You cannot have magnetic flux unless you define a surface over which you integrate to find the flux but once you define a surface you have a loop enclosing it. Perhaps you are missing that what you have been working with is Faraday's law in integral form. Faraday's in differential form is $$\mathbf {\nabla}\times \mathbf E=-\frac{\partial \mathbf B}{\partial t}.$$ It has point functions on either side. To get the integral form, first you define some area $S$, orient the area so that the local normal on an area element $dA$ is $\mathbf {\hat n}$ and dot both sides with $\mathbf{\hat n}~dA$,$$(\mathbf {\nabla}\times \mathbf E)\cdot \mathbf{\hat n}~dA=-\frac{\partial }{\partial t}(\mathbf B\cdot \mathbf{\hat n})~dA.$$Then you integrate both sides over the chosen surface $S$ ,$$\int_S(\mathbf {\nabla}\times \mathbf E)\cdot \mathbf{\hat n}~dA=-\frac{\partial }{\partial t}\int_S(\mathbf B\cdot \mathbf{\hat n})~dA.$$Finally, you apply Stokes' theorem to convert the surface integral on the LHS to a line integral over the loop $C$ enclosing $S$ to cast Faraday's law into integral form $$\oint_C \mathbf E\cdot d\mathbf{\ell}=-\frac{\partial }{\partial t}\int_S(\mathbf B\cdot \mathbf{\hat n})~dA.$$In its differential form, Faraday's law says that the explicit time rate of change of the magnetic field at a given point is the source of circulating electric field lines about that point. These lines are there regardless. If you place charges in that region of space, they get pushed around by the electric field lines. If you don't place charges there they don't.
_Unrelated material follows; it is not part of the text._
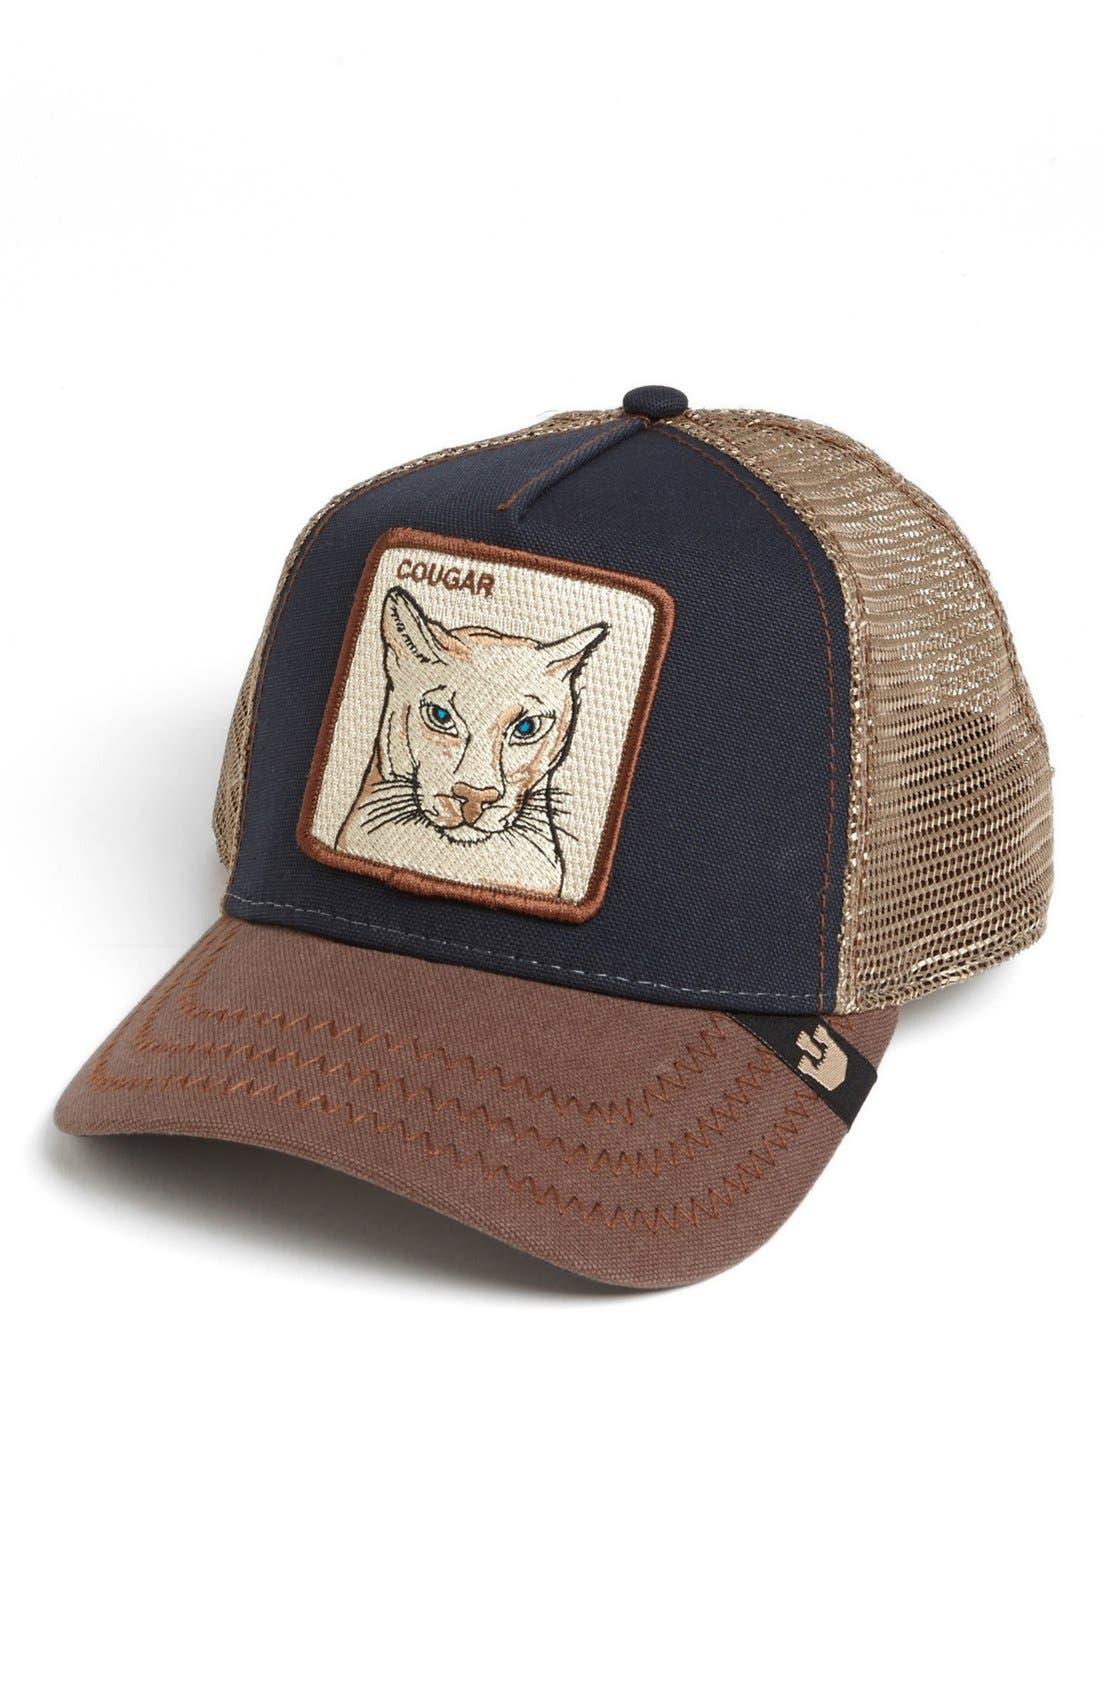 Main Image - Goorin Brothers 'Animal Farm - Cougar' Trucker Hat
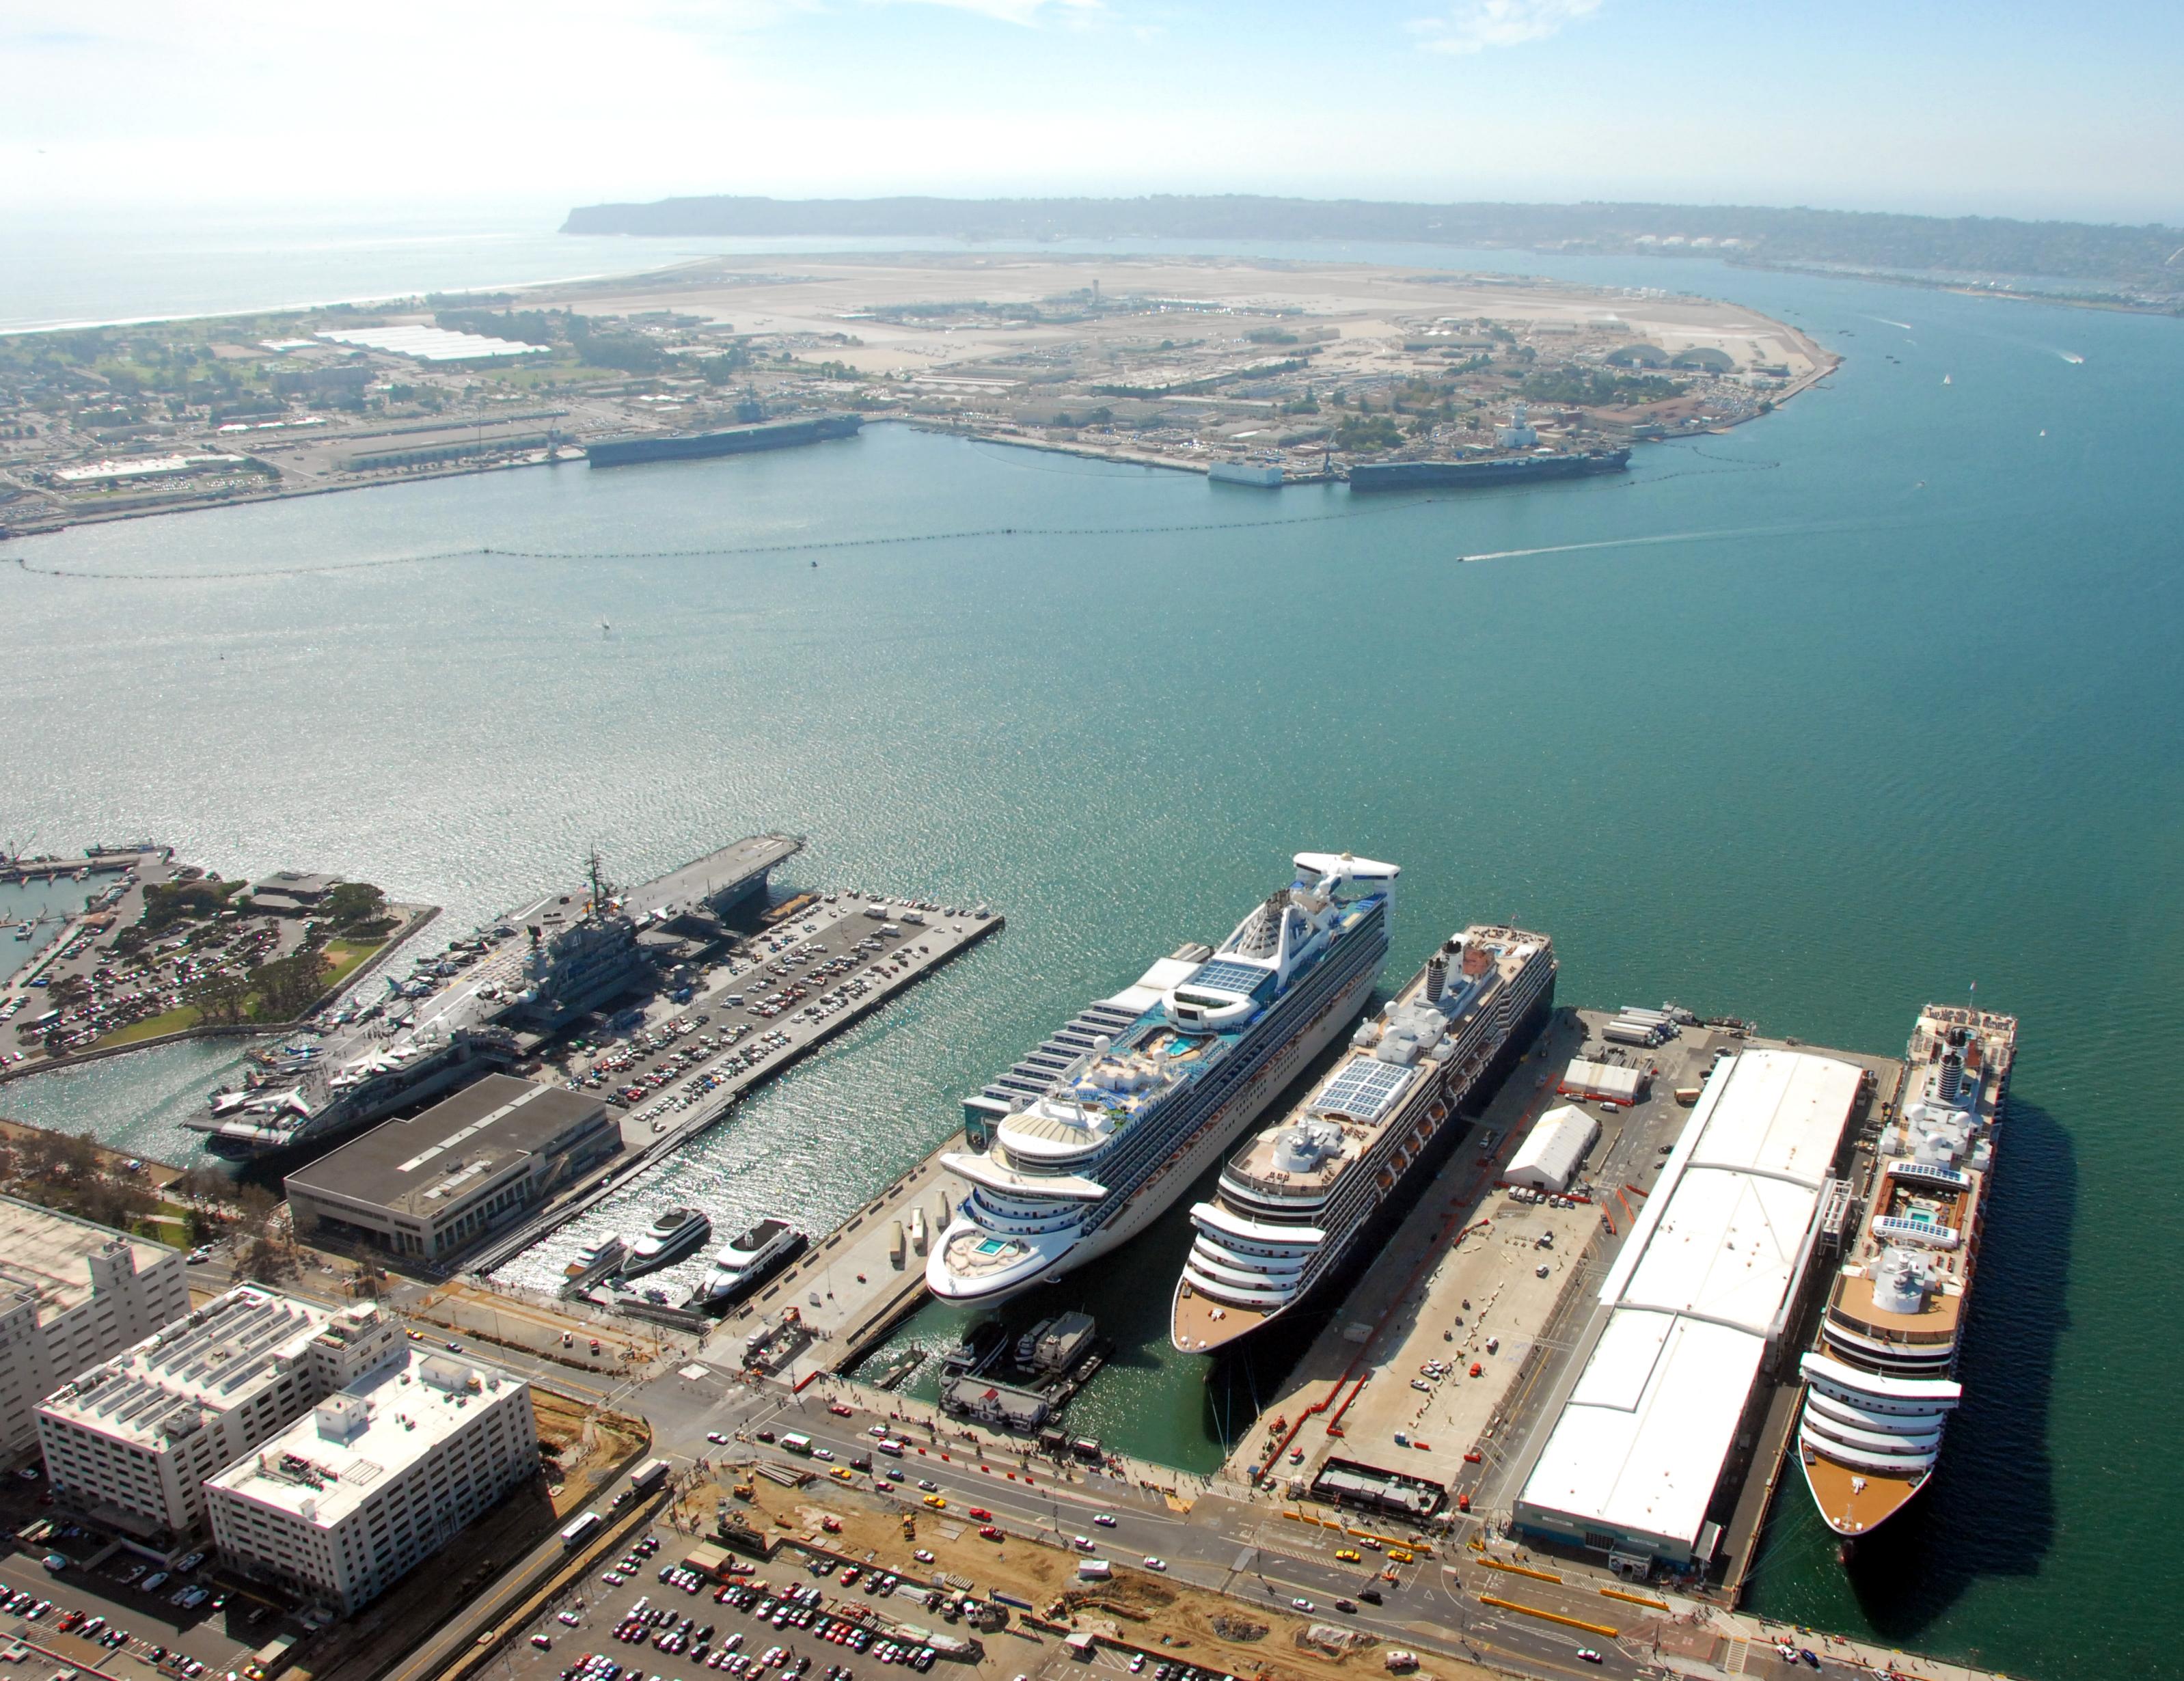 FileCruise Ships Visit Port Of San Diego Jpg Wikimedia Commons - Cruise ship ports east coast

This last statement is a bit confusing to me since I was under the impression that magnetic fields don't do work.

That impression is incorrect. It is uniform magnetic fields that don't do work on moving charges. Electric motors do quite a bit of work for humanity every day. Look them up. There are numerous animations of how they work on the web.